Because the Eigenmoses matrix contains negative values, the Perron–Frobenius theorem does not apply, and so there is no unique largest eigenvalue, necessarily. This can be observed in the form of holy wars. Moreover, I think we can construct real niceness matrices none of whose eigenvalues are real.
"Back then, I was extremely impressed by a research project called CLEVER, which one of my professors, Jon Kleinberg, had led while working at IBM Almaden. The idea was to use the link structure of the web itself to rank which web pages were most important, and therefore which ones should be returned first in a search query. Specifically, Kleinberg defined “hubs” as pages that linked to lots of “authorities,” and “authorities” as pages that were linked to by lots of “hubs.” At first glance, this definition seems hopelessly circular, but Kleinberg observed that one can break the circularity by just treating the World Wide Web as a giant directed graph, and doing some linear algebra on its adjacency matrix."
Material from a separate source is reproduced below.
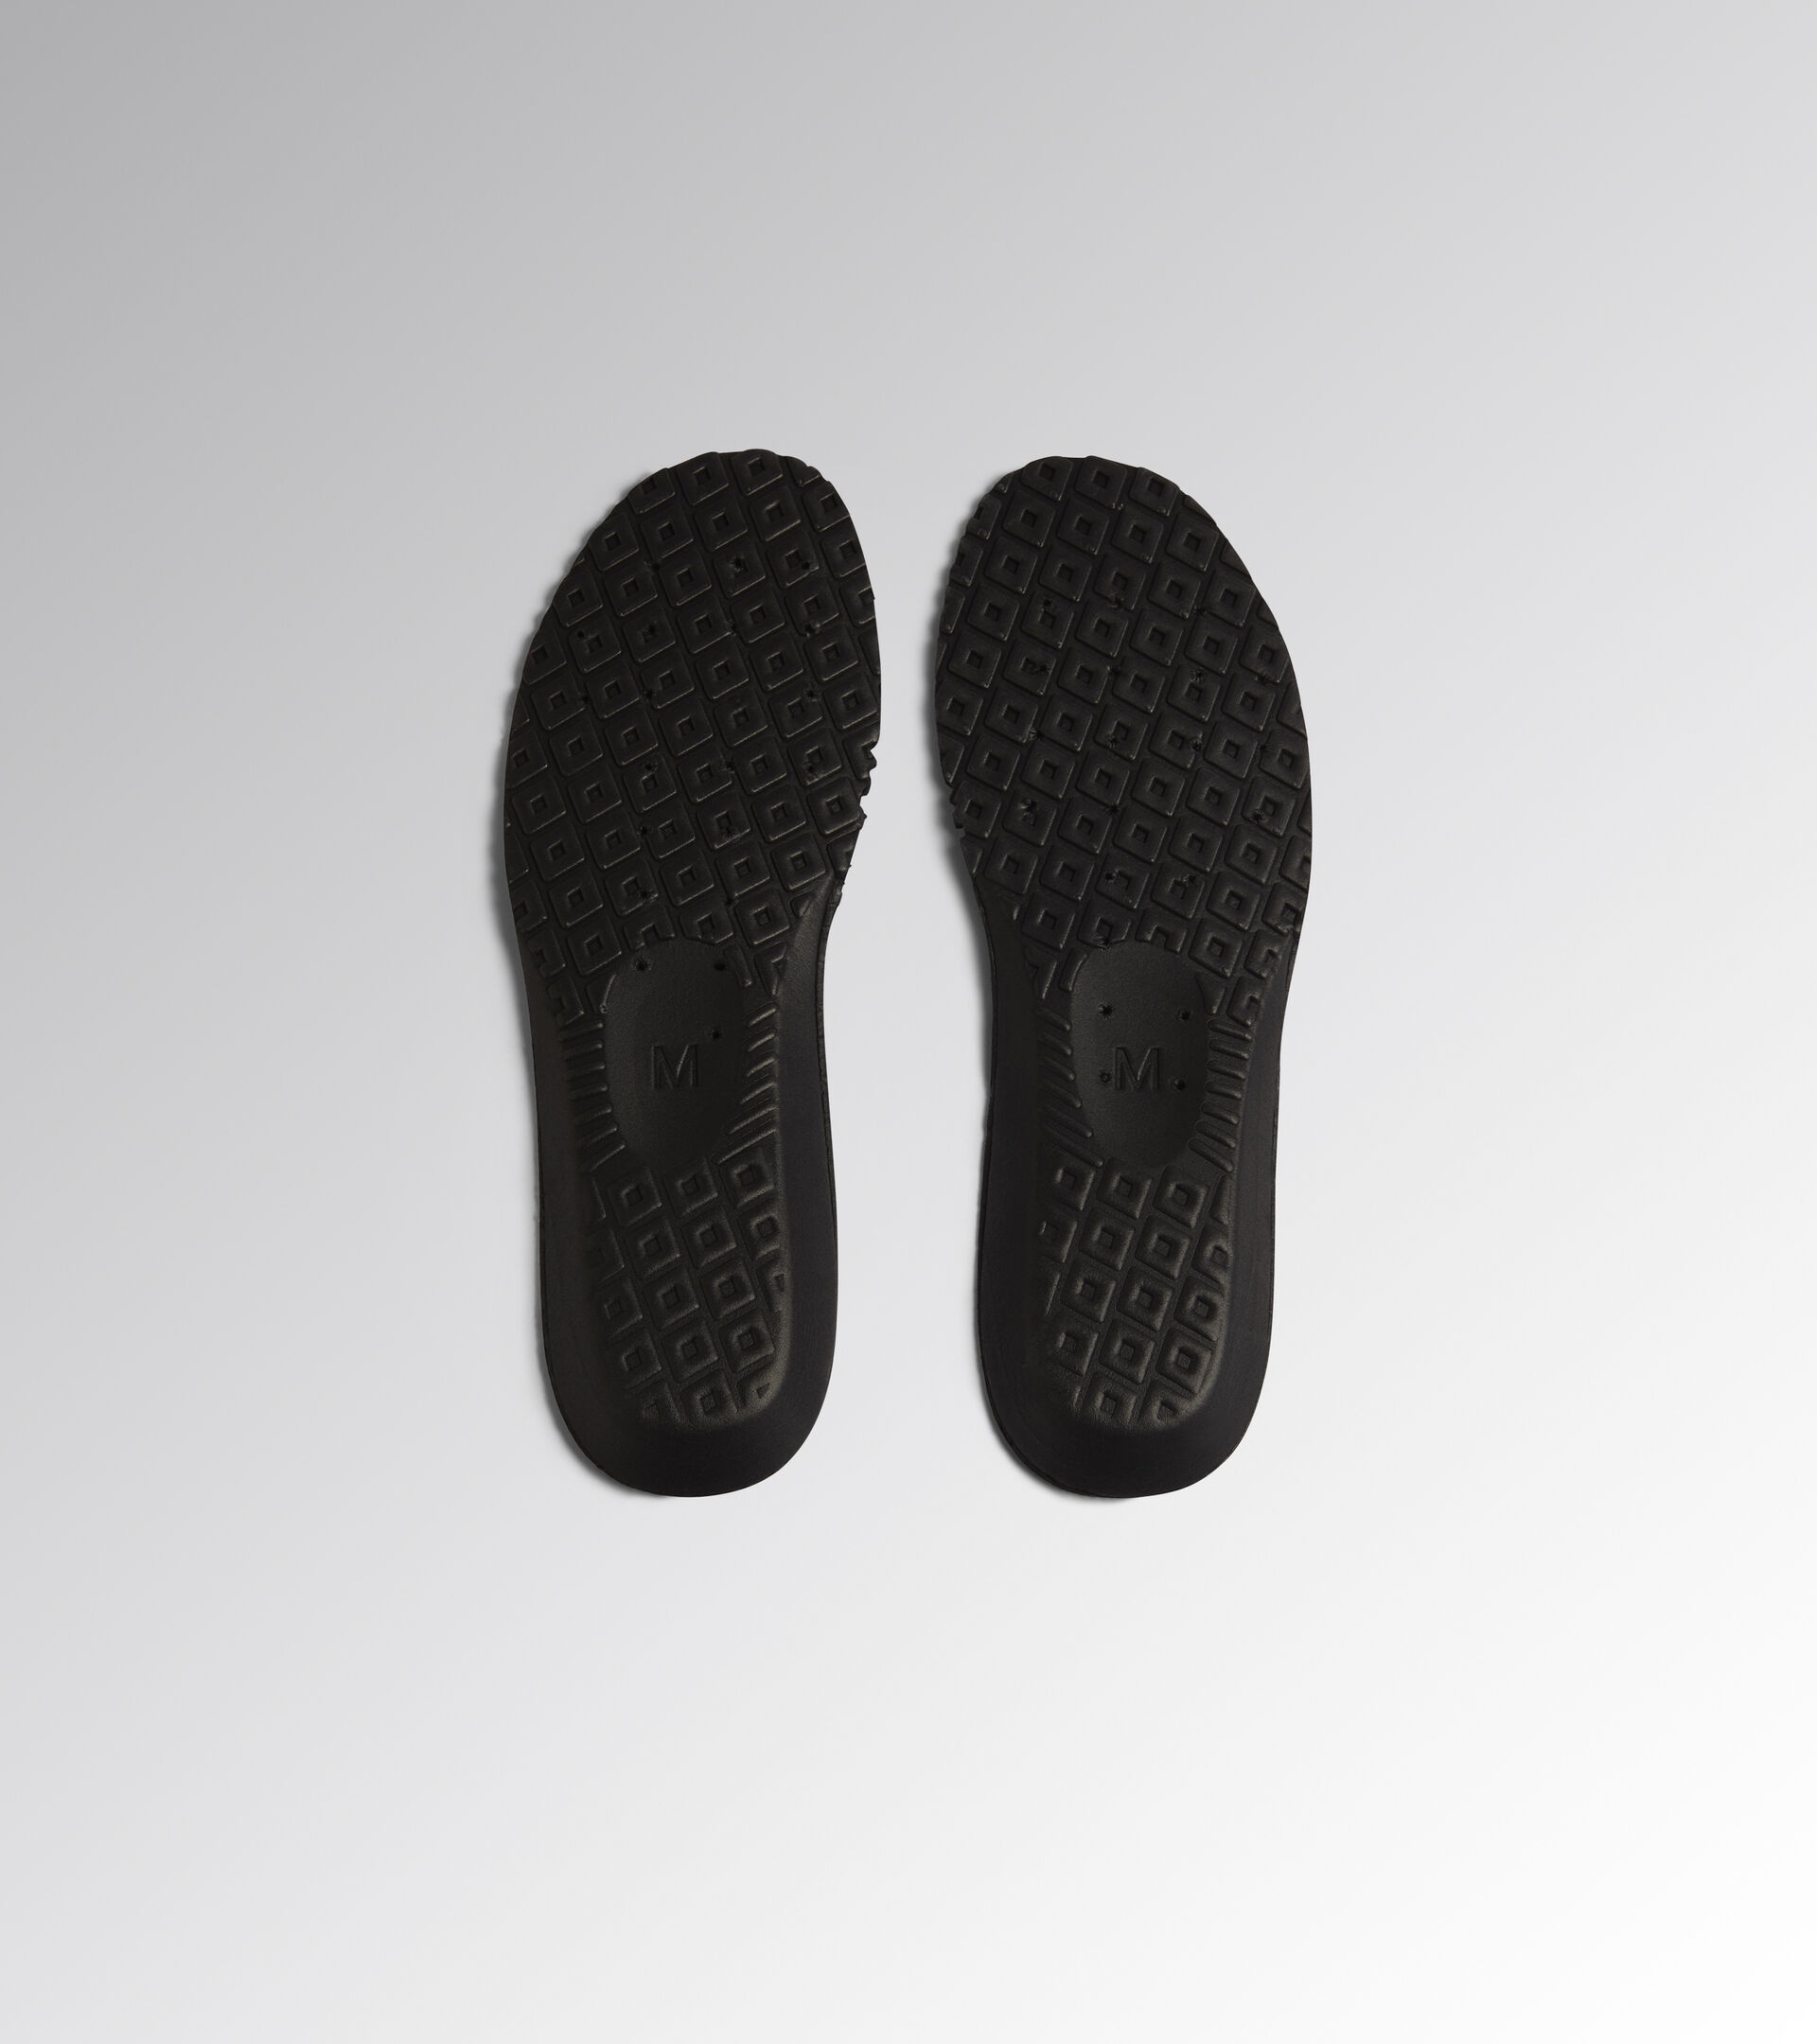 Insoles for Utility shoes INSOLE EVA FORMULA BLACK/YELLOW FLUO UTILITY - Utility

Interesting how multiple people can have the same idea — about 10 years ago I was working on the problem of having people on mechanical Turk label terms with meanings, and determined that applying page rank to the connected graph of nodes (where nodes where turkers, and edges were agreements in labeling) would allow me to derive a trust metric for each agent, allowing me to discard noise/bots easily from the dataset.
Two metaethical presuppositions stand out:
* That right and wrong (or right- and wrong-making action features) are discrete and quantifiable.
* That right and wrong (or ...) are expressible over communities as consequences to external individuals, rather than the properties of (potentially ineffectual!) actions themselves.
Written as counterclaims:
* We have no reason to believe that any right or wrong action corresponds to a particular number of morality credits, or that actions are independent (consider: most of us have some sort of intuition about bad things being excusable or forgivable if done only once).
* We have no reason to believe that the outcomes of our actions are what make them actually right. Consider the murderer who cooperates with the "moral" group to find ideal victims, but fails to kill them out of cowardice or incompetence -- a reasonable intuition to have would be that the murder is bad, despite external cooperation to the contrary.